Task brief: From the records below, print exactly the lines starting at the one containing "Size labels read" and ending at the one containing "Please refer to", ends included, and nothing else.

Records provided:
=-=-=

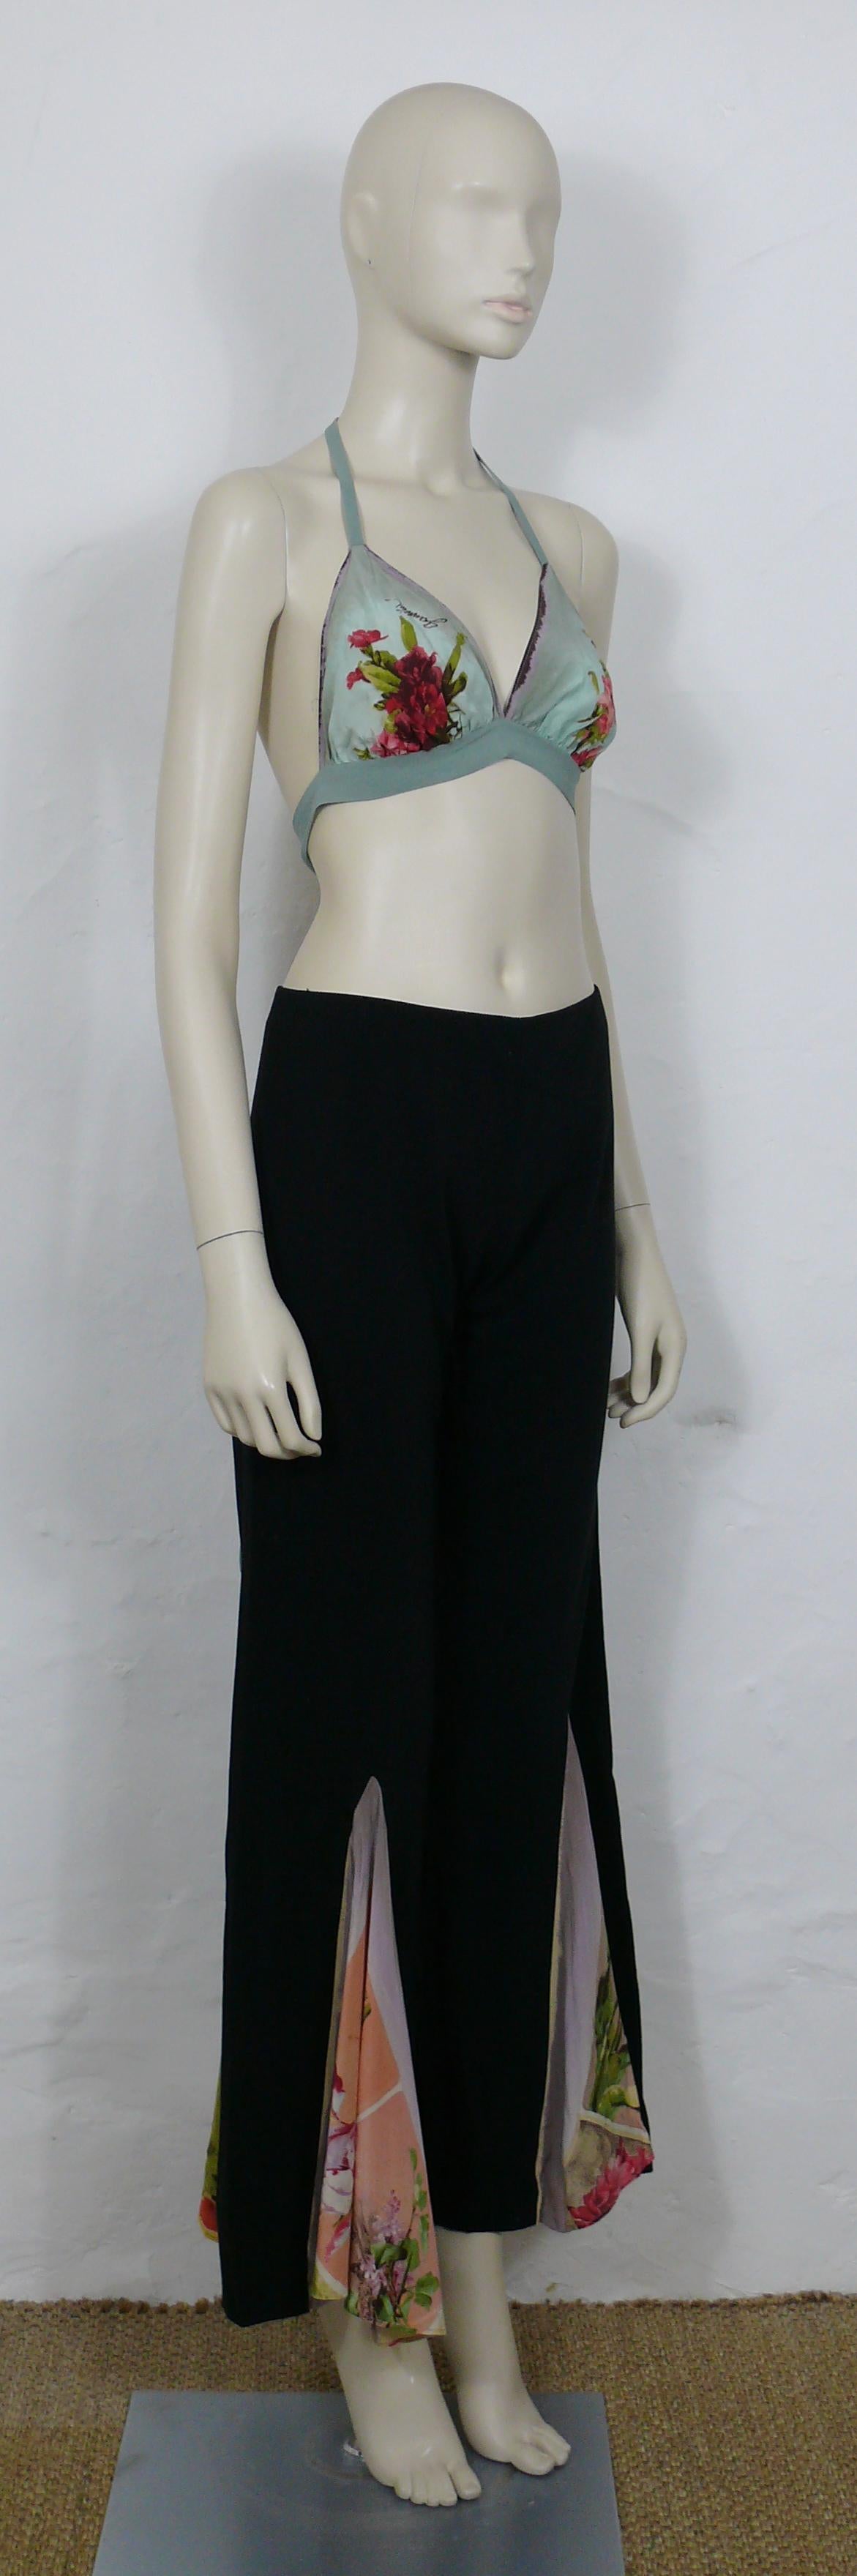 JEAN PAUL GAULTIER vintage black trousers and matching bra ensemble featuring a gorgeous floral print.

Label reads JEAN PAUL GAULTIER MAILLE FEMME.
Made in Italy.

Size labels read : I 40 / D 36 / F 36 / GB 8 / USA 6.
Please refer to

=-=-=

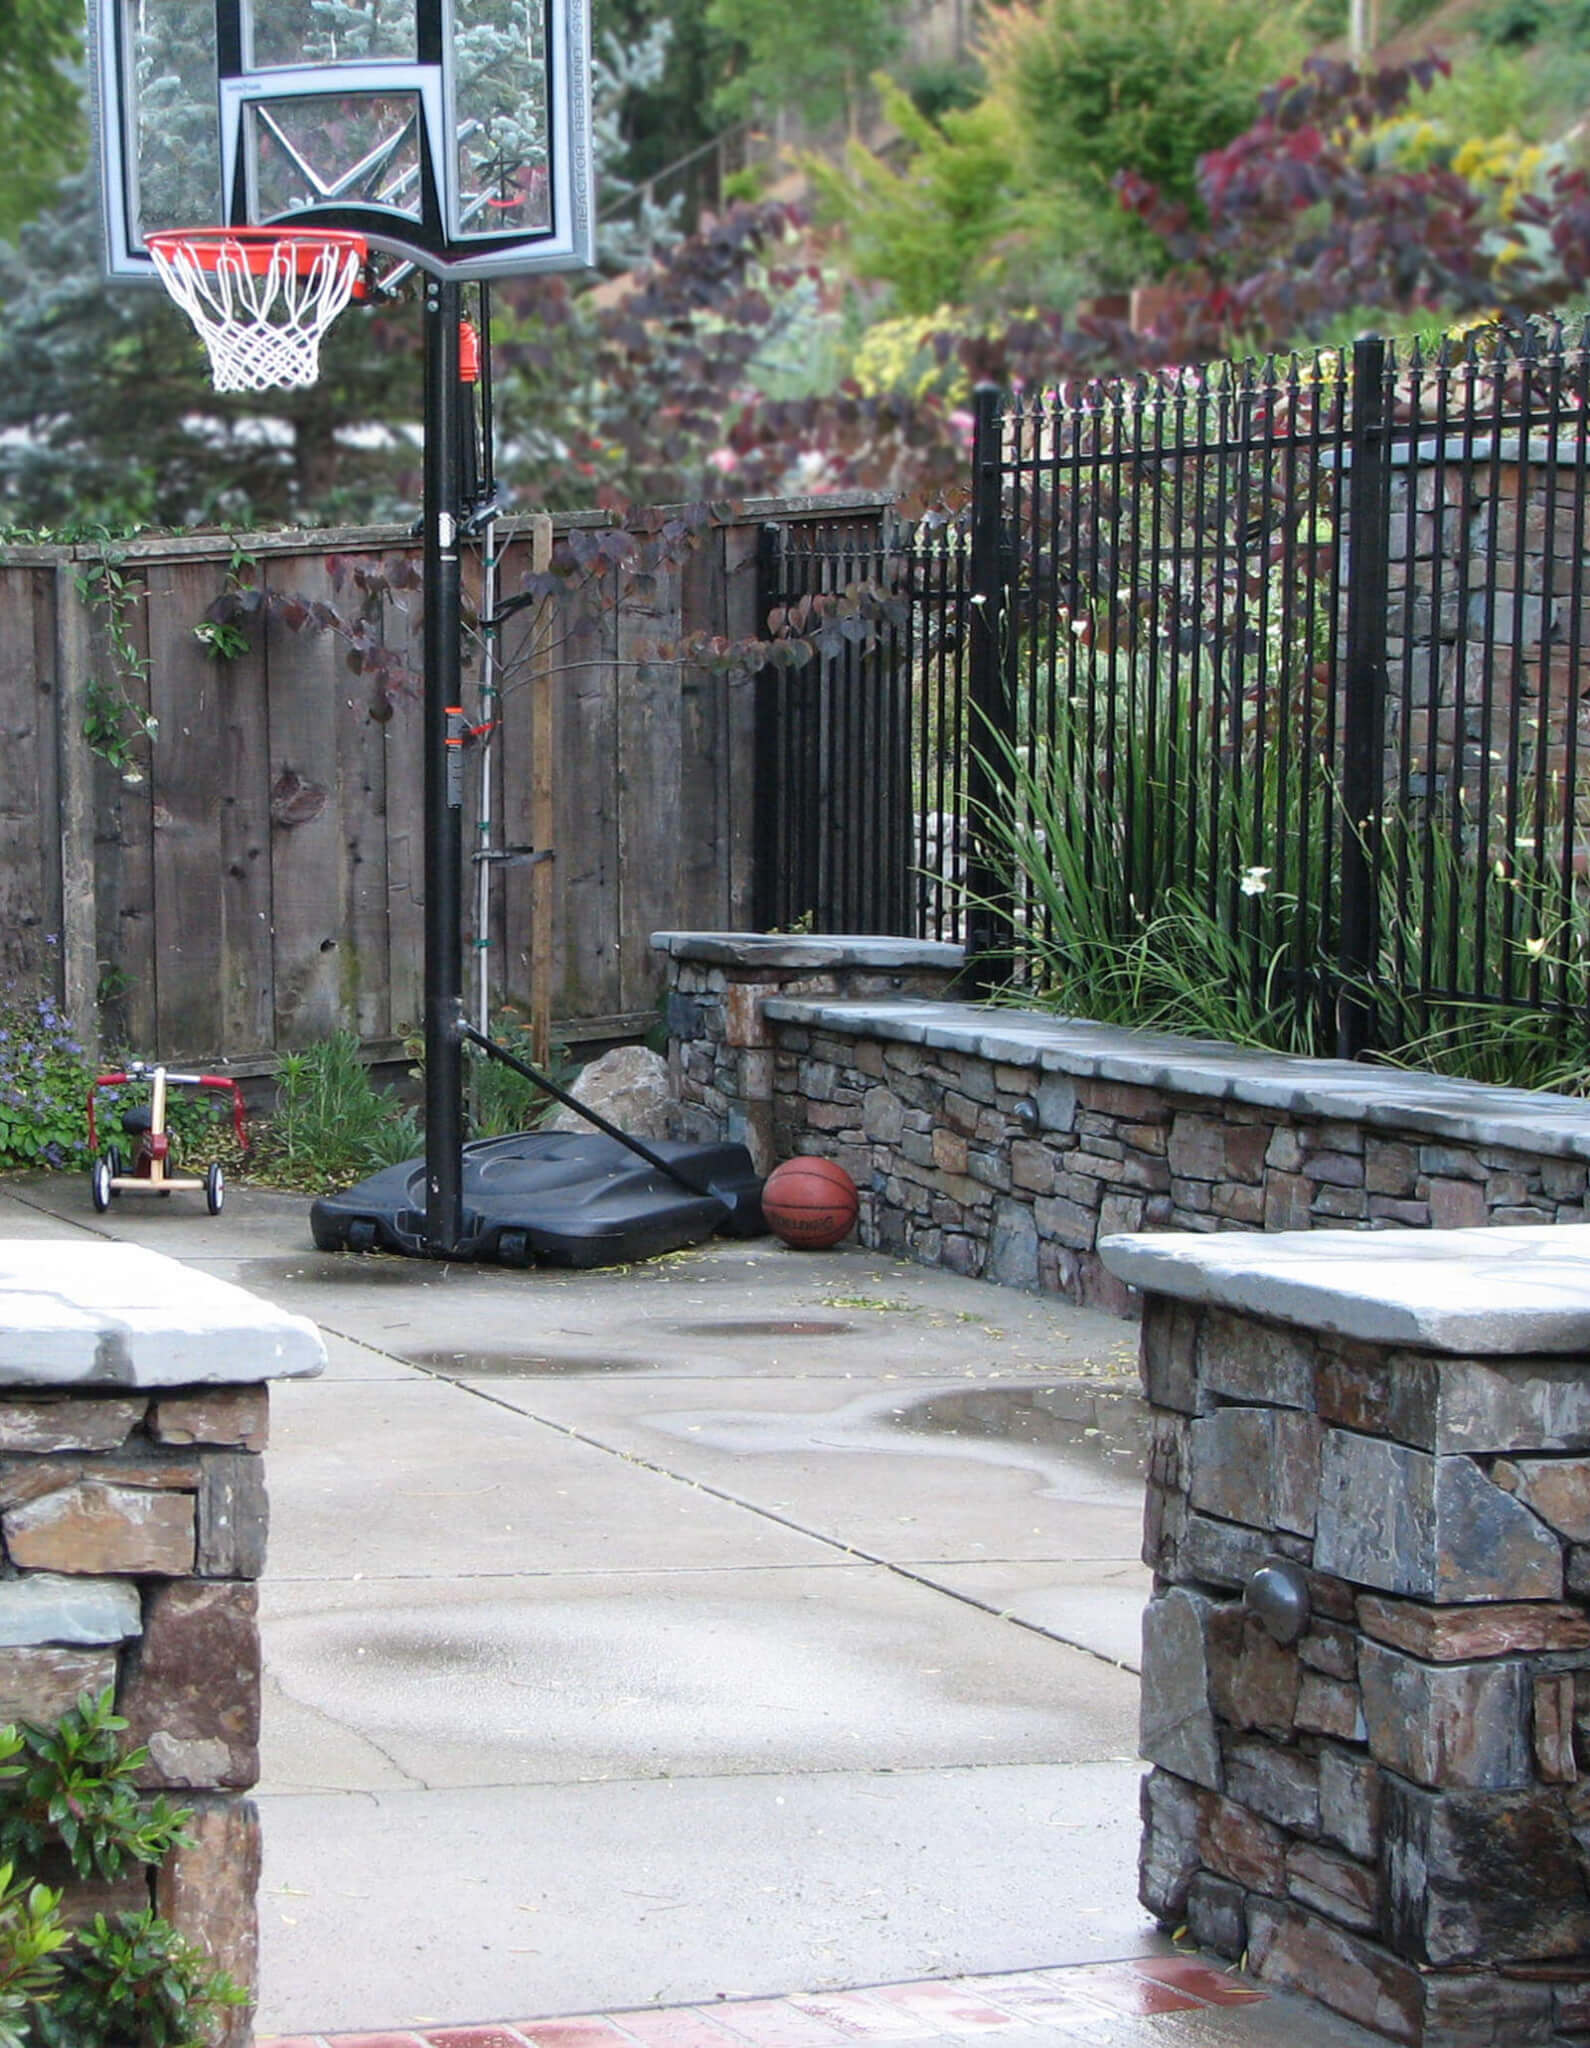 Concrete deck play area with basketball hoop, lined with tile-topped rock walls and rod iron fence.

=-=-=

Answer area:
Size labels read : I 40 / D 36 / F 36 / GB 8 / USA 6.
Please refer to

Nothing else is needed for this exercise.